NTDTs include a range of thalassemia syndromes with variable disease severities which may complicate diagnosis and treatment. Iron overload and associated complications are a common observation in patients with NTDT, particularly as patients age even though they require limited or no transfusions 11. Effective, timely management of iron overload is key in patients with NTDT to prevent iron-related complications. The THALASSA study is the largest study assessing iron chelation in patients with NTDT, thus allowing for the analyses of the individual subgroups within the NTDT population to be made. The ANCOVA analyses indicate that the efficacy of deferasirox is consistent across the patient subgroups, including the NTDT subtypes such as β-TI and HbE/β-thalassemia, which will have varying levels of disease severity. In some subgroups, such as patients less than 18 years and those with α-thalassemia, the patient numbers were low and confidence intervals (CIs) were wide; hence data should be interpreted with caution. LIC was reduced in a dose-dependent manner in accordance with the primary efficacy outcome, with a greater reduction seen in the 10 mg/kg/day starting dose group compared with the 5 mg/kg/day starting dose group.

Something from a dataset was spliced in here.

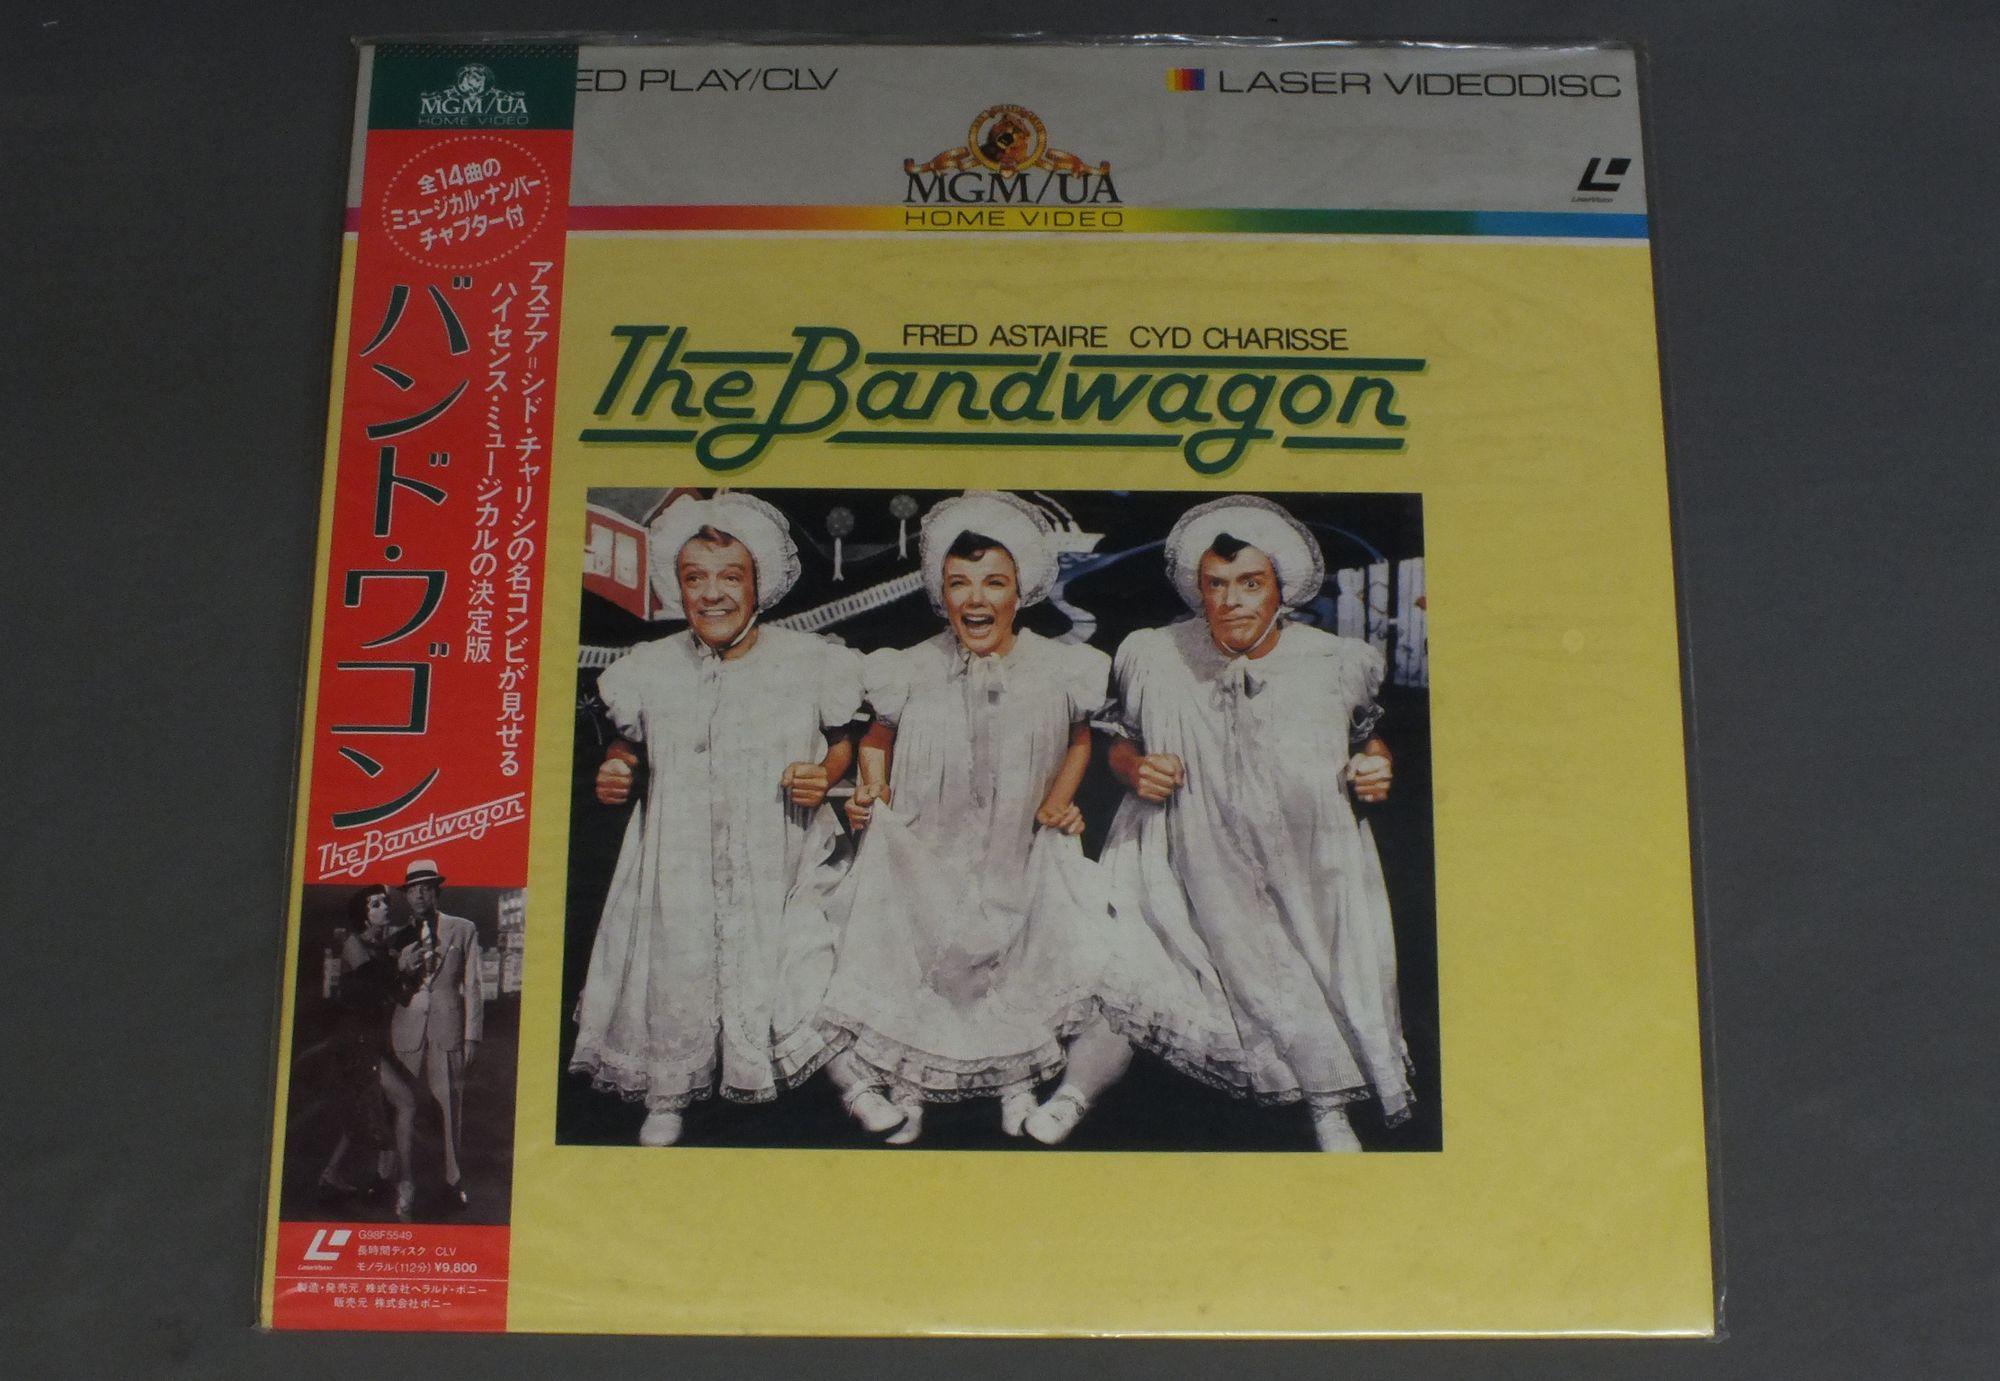 VINCENTE MINNELLI - BAND WAGON - Laser Disc

In addition to assessing subgroups, these analyses investigated the initial impact of dose escalation of deferasirox to 20 mg/kg/day in patients with NTDT. This is important given that many NTDT patients have a significantly high iron burden, hence the need for dose adjustments to achieve therapeutic goals similar to transfusion-dependent thalassemia patients. Here, following initiation of treatment with either placebo, deferasirox 5 or 10 mg/kg/day starting dose, 81 out of 166 patients (49%) required a dose escalation. These patients had a greater mean baseline LIC compared with those who remained on their starting dose. Patients who had their dose doubled to 20 mg/kg/day achieved greater reductions in LIC compared with patients who remained on the 10 mg/kg/day starting dose. The reduction in LIC by average actual dose also showed that patients who received deferasirox >12.5–≤17.5 mg/kg/day achieved the greatest LIC decrease, followed by the ≥7.5–≤12.5 mg/kg/day subgroup and the >0–<7.5 mg/kg/day subgroup demonstrating a clear dose–response efficacy. Change in LIC was more pronounced in patients with higher baseline LIC which may reflect either higher dose of deferasirox used or a potentially increased molecular efficiency of the chelator in severely iron overloaded patients. As widely evidenced in transfusion-dependent thalassemias, optimal control of patients' iron burden is achievable through appropriate monitoring and dose adjustment of chelation therapy 19. As such, it is important to begin to understand the nuances of appropriate management of the non-transfusion-dependent population so that these patients can also achieve their therapeutic goals. This study used a fixed deferasirox starting dose of 5 or 10 mg/kg/day regardless of baseline LIC, with subsequent dose adjustments. Given that many patients with NTDT have a high degree of iron burden, it would be interesting to explore higher deferasirox starting doses in patients with higher LIC, for example those with LIC ≥15 mg Fe/g dw, in future trials. It will also be of interest to determine potential mechanisms, such as the role of ascorbate and other factors that could explain why some patients may not respond as well to iron chelation therapy 20. Clinical studies in both transfusion-dependent and non-transfusion-dependent thalassemia patients are required to further investigate such hypotheses.

Alongside deferasirox efficacy, it is of importance to determine the safety profile across the various subgroups. The safety profile for these NTDT patients treated with deferasirox is consistent across the subgroups with no clinically relevant differences.

The THALASSA 1-year extension study will provide further insight into the efficacy and safety profile of deferasirox as well as optimal dosing strategies for patients with NTDT, with further dose adjustments permitted.